◆ Task to carry out
Only the tail of the listing is wanted: the line containing "The Arkansas Blood" and all after it, repeated exactly, pictures omitted.

◆ Data excerpt
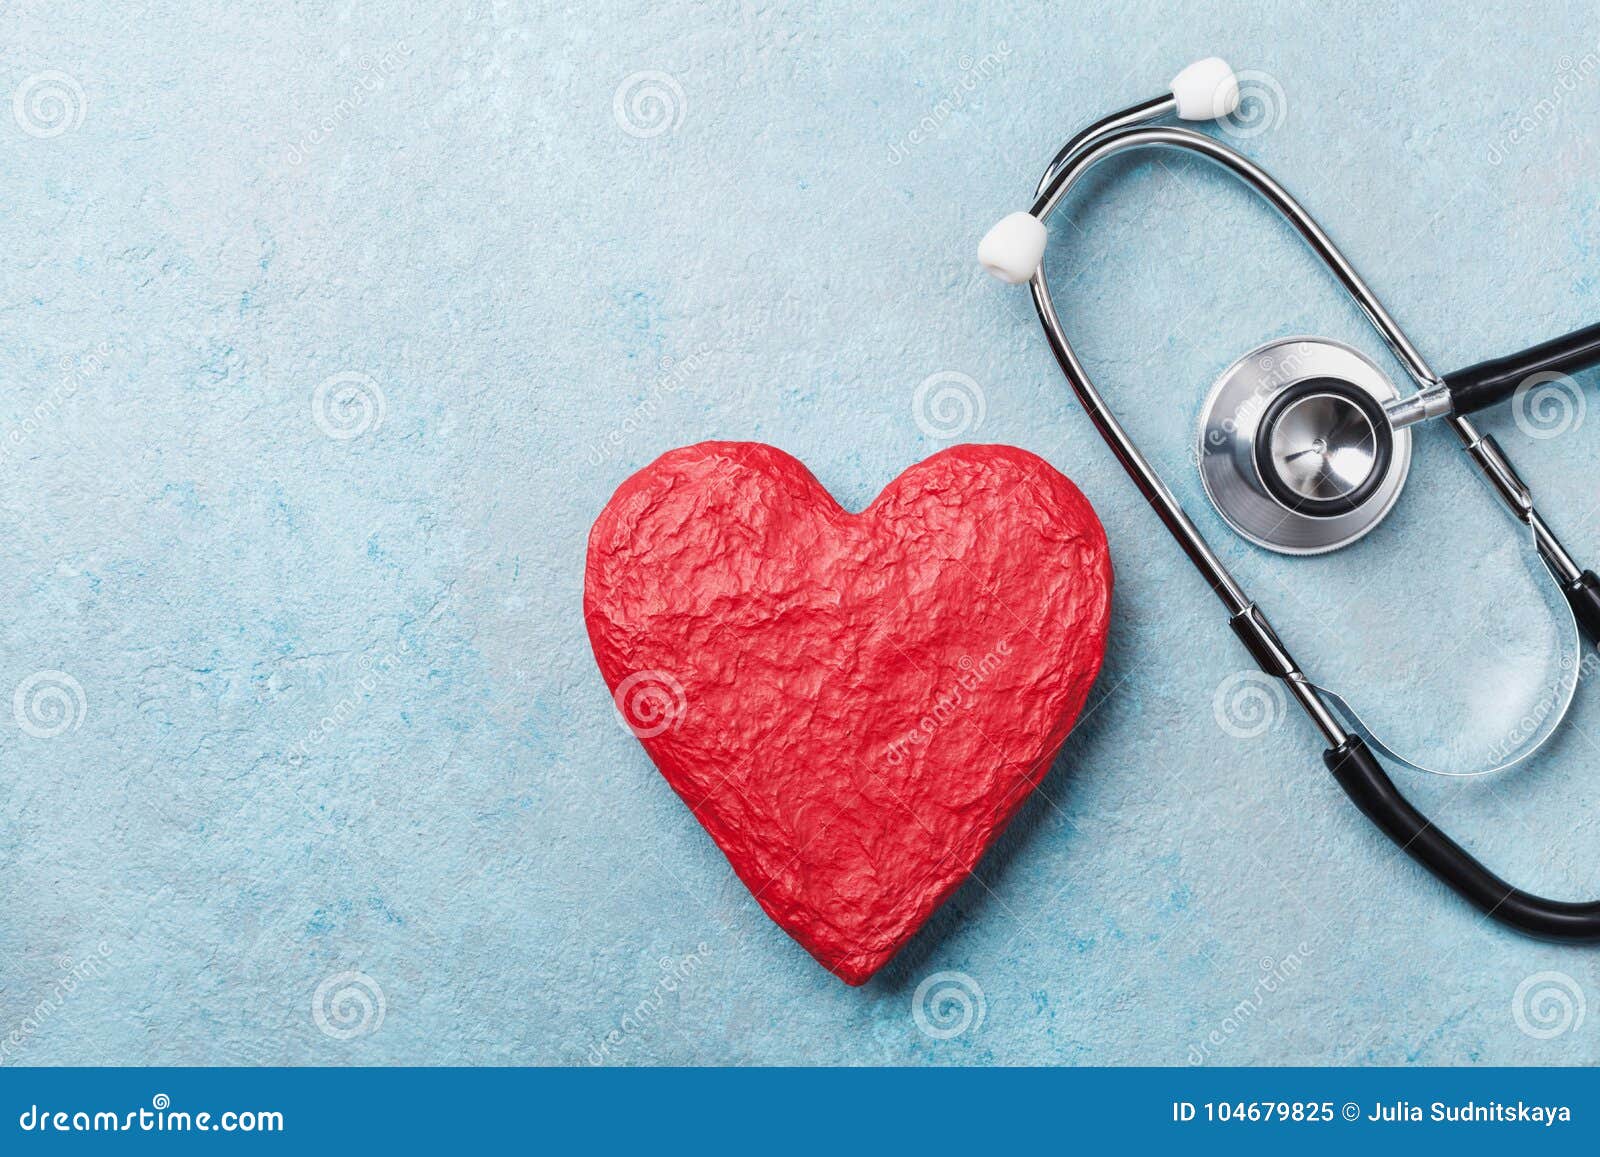 red heart  and medical stethoscope on blue background top view. health care, medicare and cardiology concept.
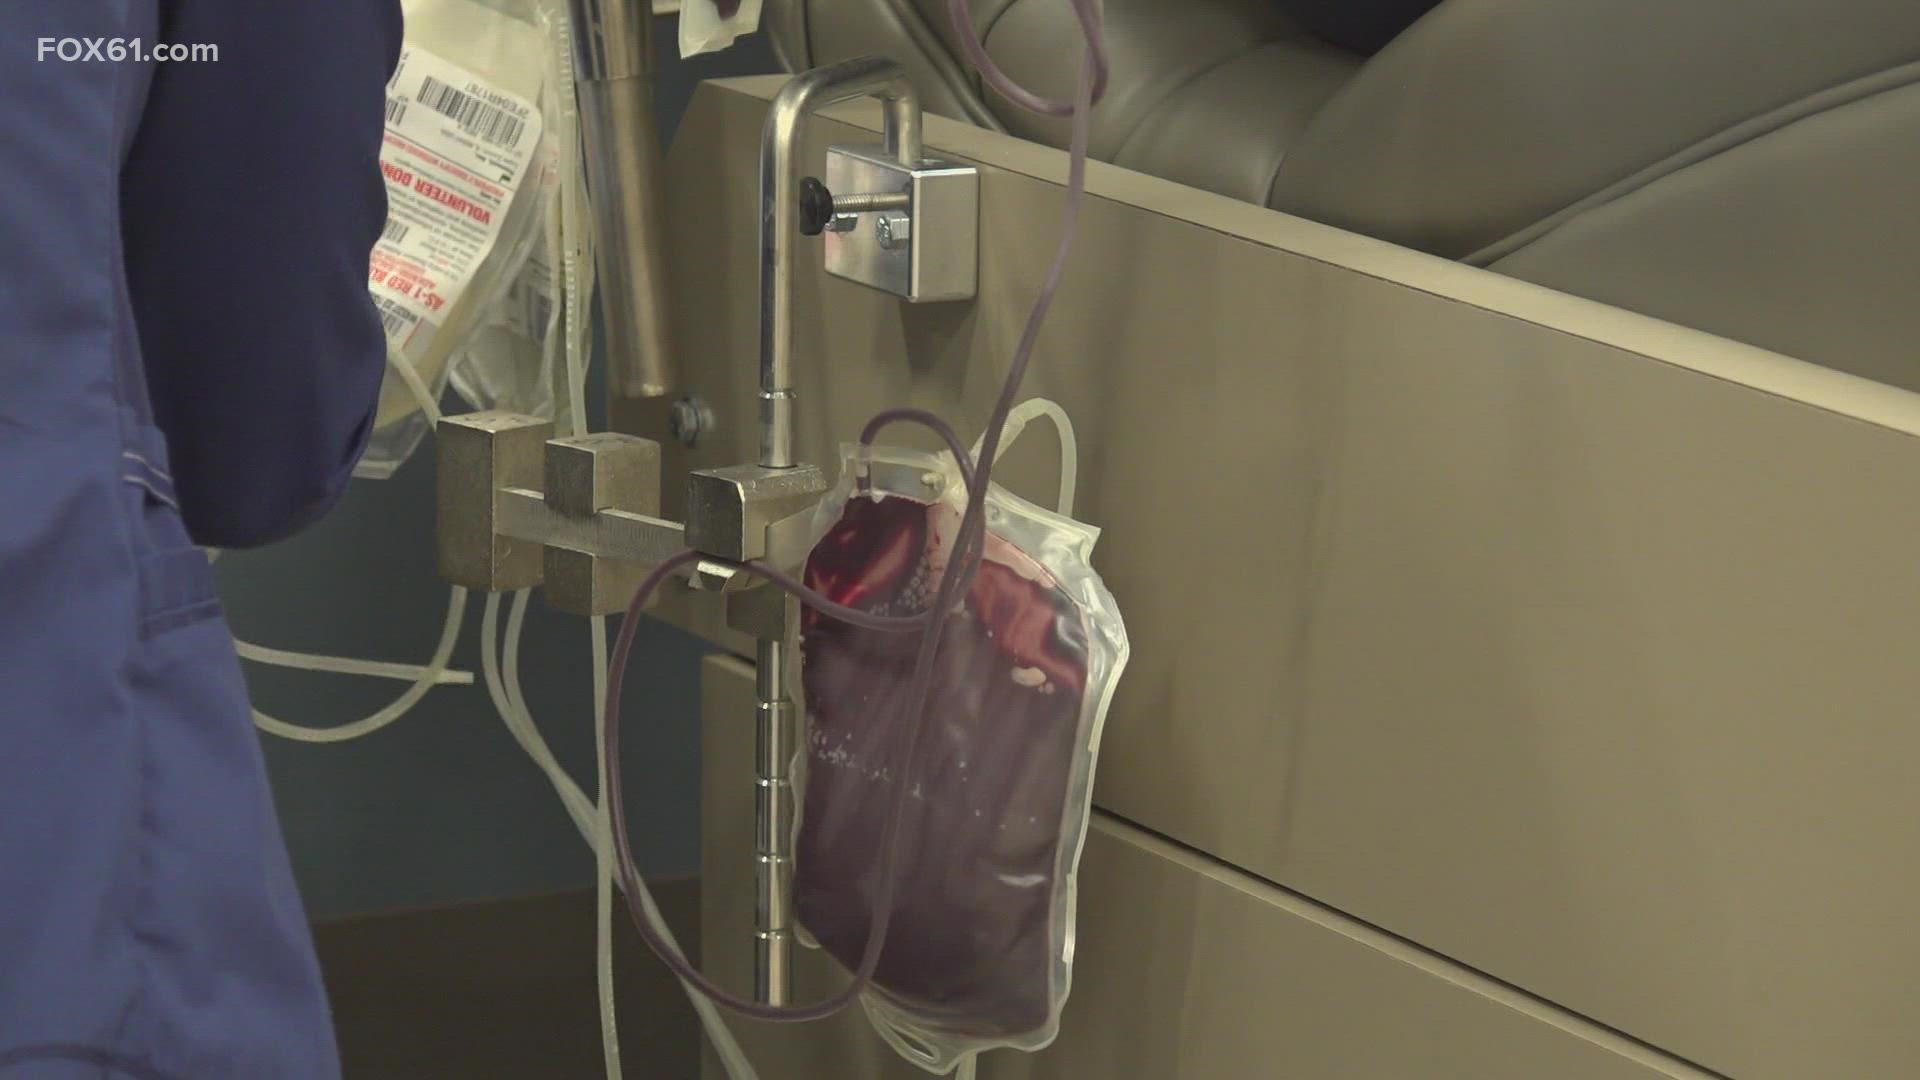 The Arkansas Blood Institute says it's seeing a shortage of blood bag kits for the double red cell procedure.
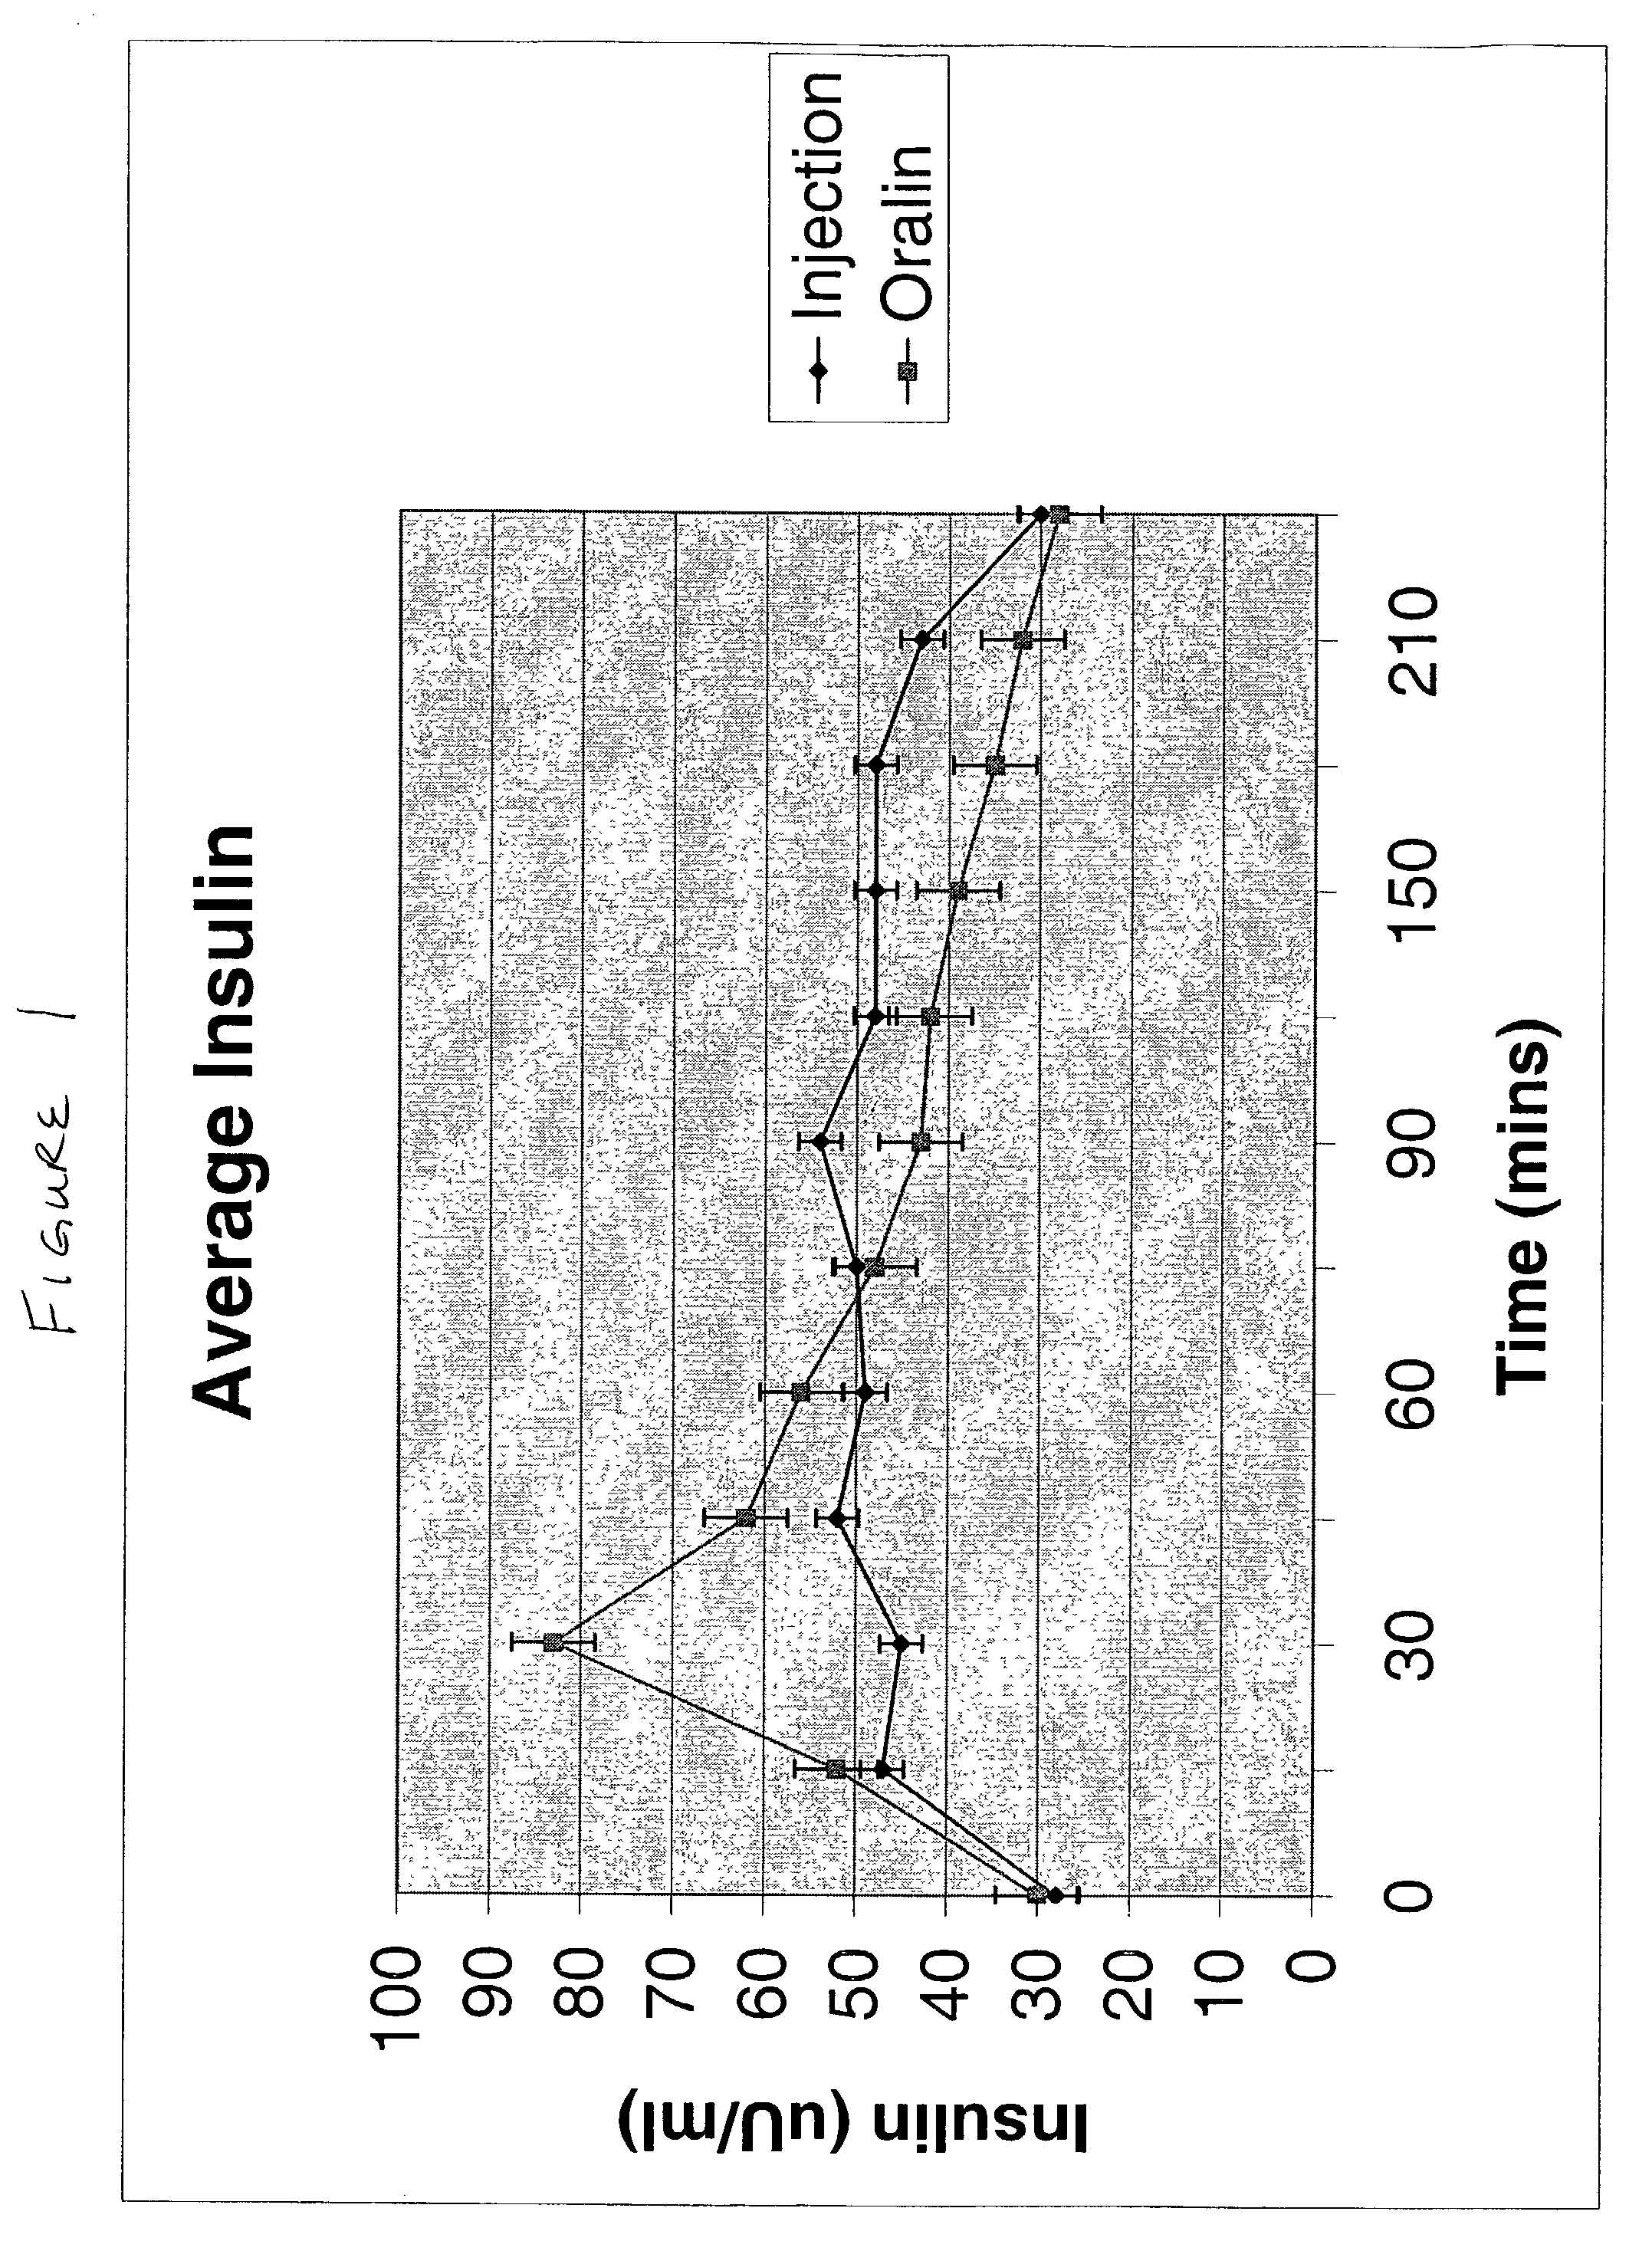 Methods of administering and enhancing absorption of pharmaceutical agents

◆ Answer to the exercise
 The Arkansas Blood Institute says it's seeing a shortage of blood bag kits for the double red cell procedure.
 Methods of administering and enhancing absorption of pharmaceutical agents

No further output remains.